Sunday, March 18, 2012

Chocolate Guinness Cake

This year, for our annual B/F family St. Patrick's Day parade and dinner party, I chose to make a chocolate Guinness cake. This recipe, different from the one I made a couple of years ago, comes from Nigella Lawson's website. The longest part of the recipe was using her converter tool to convert her metric measurements to our American/English standards (I've done the work here for you). However, it was otherwise a piece of cake (all puns intended) to make. Once it's baked and iced, it looks just like a pint of Guinness!

Note, the batter looks WAY too runny to be cake batter. Don't freak out. It comes out FANTASTIC. Just be sure to butter AND line your pan with parchment!

You need:

FOR THE CAKE
  • 250ml (1 cup) Guinness
  • 250g (2 sticks) unsalted butter
  • 75g (5 tbsp) cocoa
  • 400g (1 3/4 c) caster sugar (granulated sugar)
  • 1 x 142ml pot sour cream (2/3 c)
  • 2 eggs
  • 1 tablespoon real vanilla extract
  • 275g (1 1/8 c) plain flour
  • 2 1/2 teaspoons bicarbonate of soda (baking soda)
FOR THE TOPPING:
  • 300g (10 oz.)Philadelphia cream cheese
  • 150g (2/3 c) icing sugar (confectioners' sugar)
  • 125ml (1/2 c) double or whipping cream

  1. Preheat the oven to gas mark 4/180°C (350 F), and butter and line a 23cm ( 9 in.) springform tin.
  2. Pour the Guinness into a large wide saucepan, add the butter - in spoons or slices - and heat until the butter's melted, at which time you should whisk in the cocoa and sugar.
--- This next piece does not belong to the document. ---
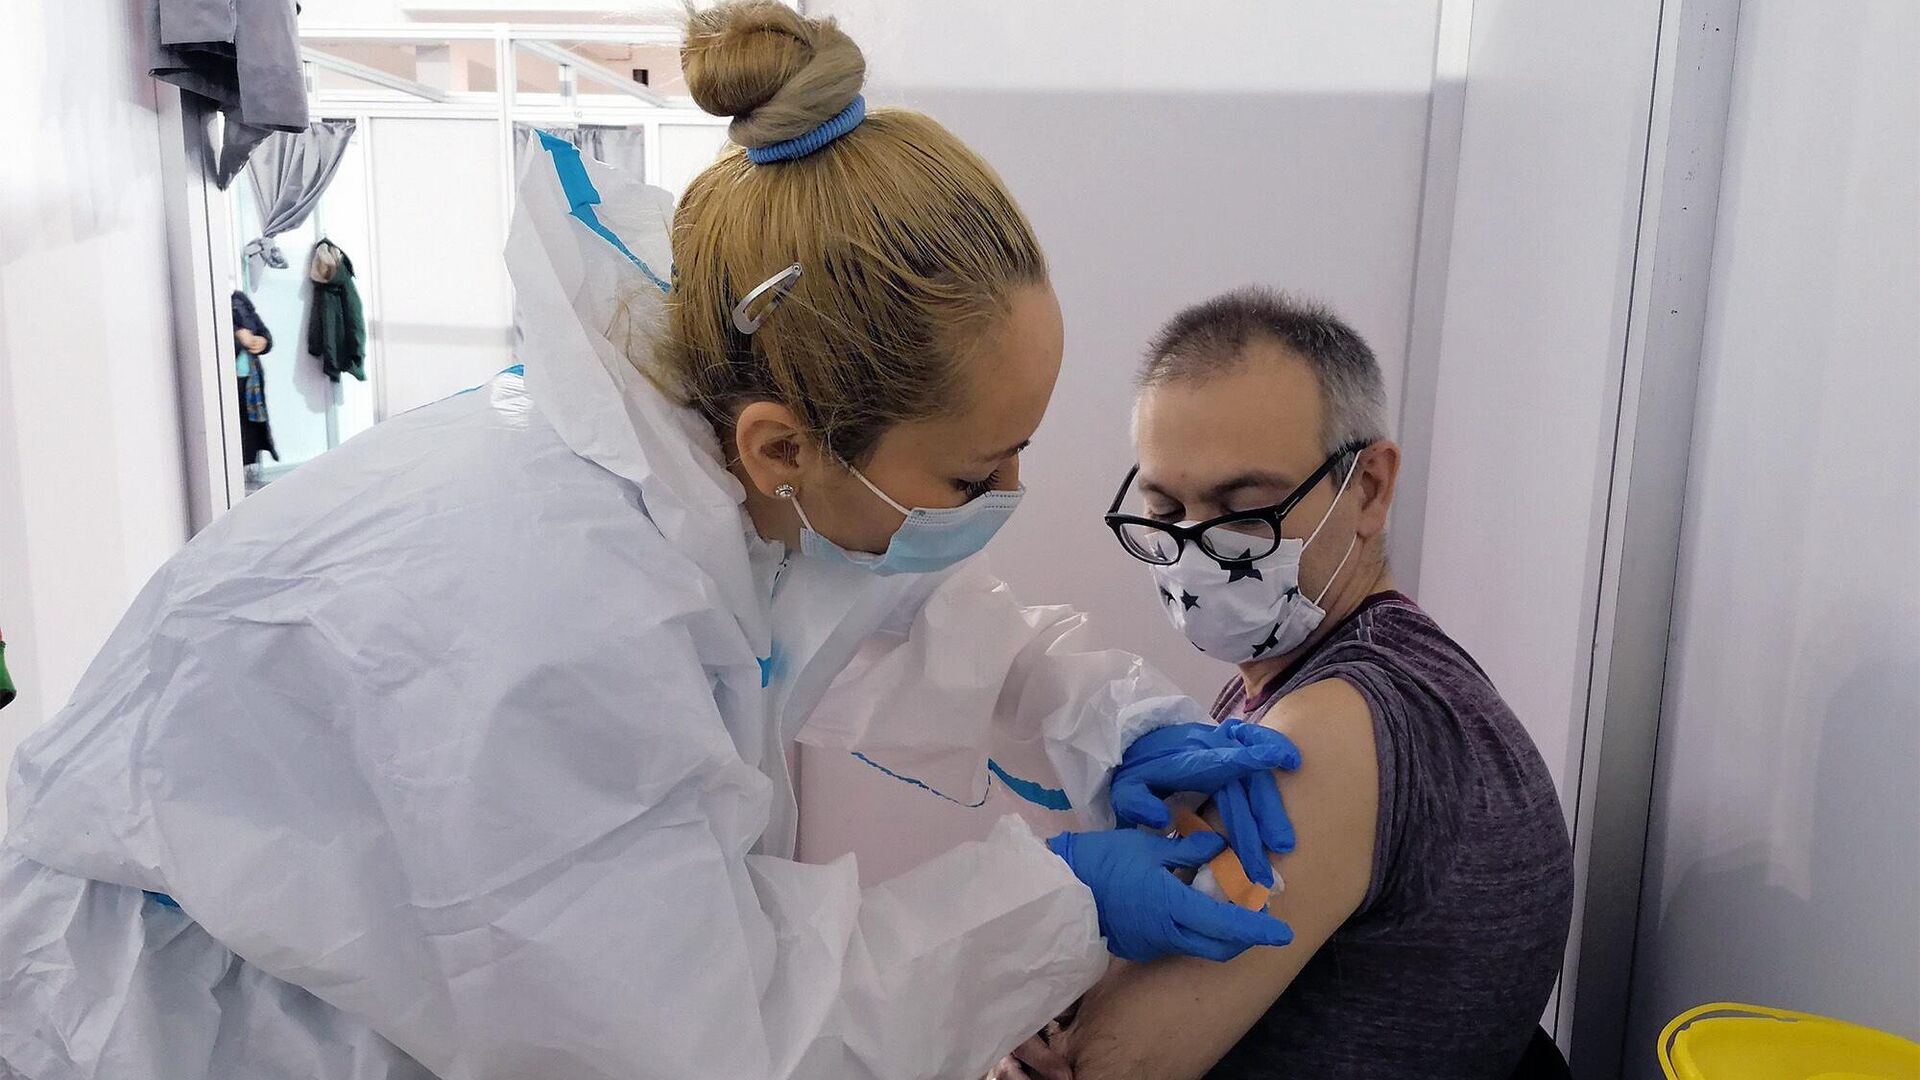 Мужчине делают прививку российской вакциной против COVID-19 Спутник V (Гам-КОВИД-Вак) в Белграде - РИА Новости, 1920, 10.02.2021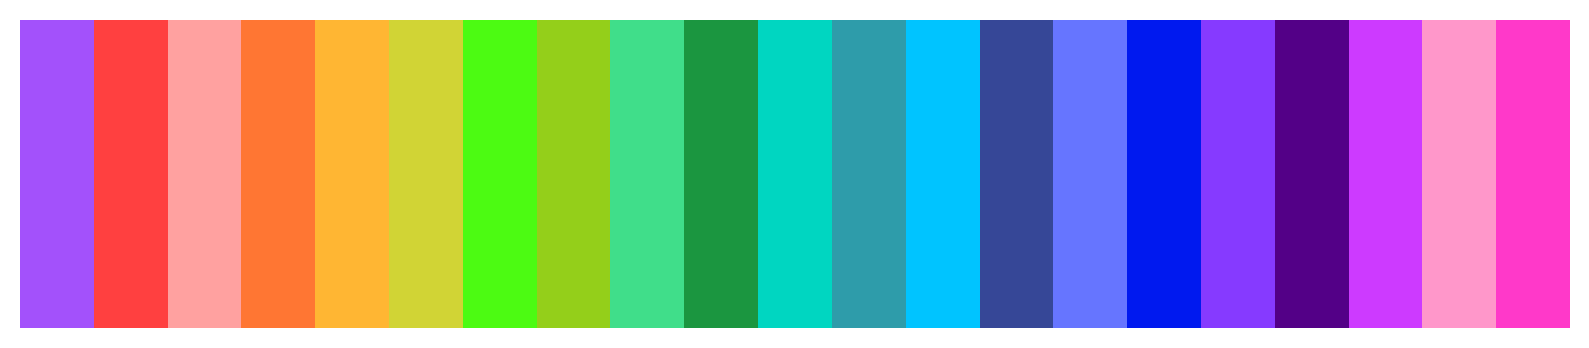 default-color-palette

Beat the sour cream with the eggs and vanilla and then pour into the brown, buttery, beery pan and finally whisk in the flour and bicarb.
  3. Pour the cake batter into the greased and lined tin and bake for 45 minutes to an hour. Leave to cool completely in the tin on a cooling rack, as it is quite a damp cake.
  4. When the cake's cold, sit it on a flat platter or cake stand and get on with the icing. Lightly whip the cream cheese until smooth, sieve over the icing sugar and then beat them both together. Or do this in a processor, putting the unsieved icing sugar in first and blitz to remove lumps before adding the cheese.
  5. Add the cream and beat again until it makes a spreadable consistency. Ice the top of the black cake so that it resembles the frothy top of the famous pint.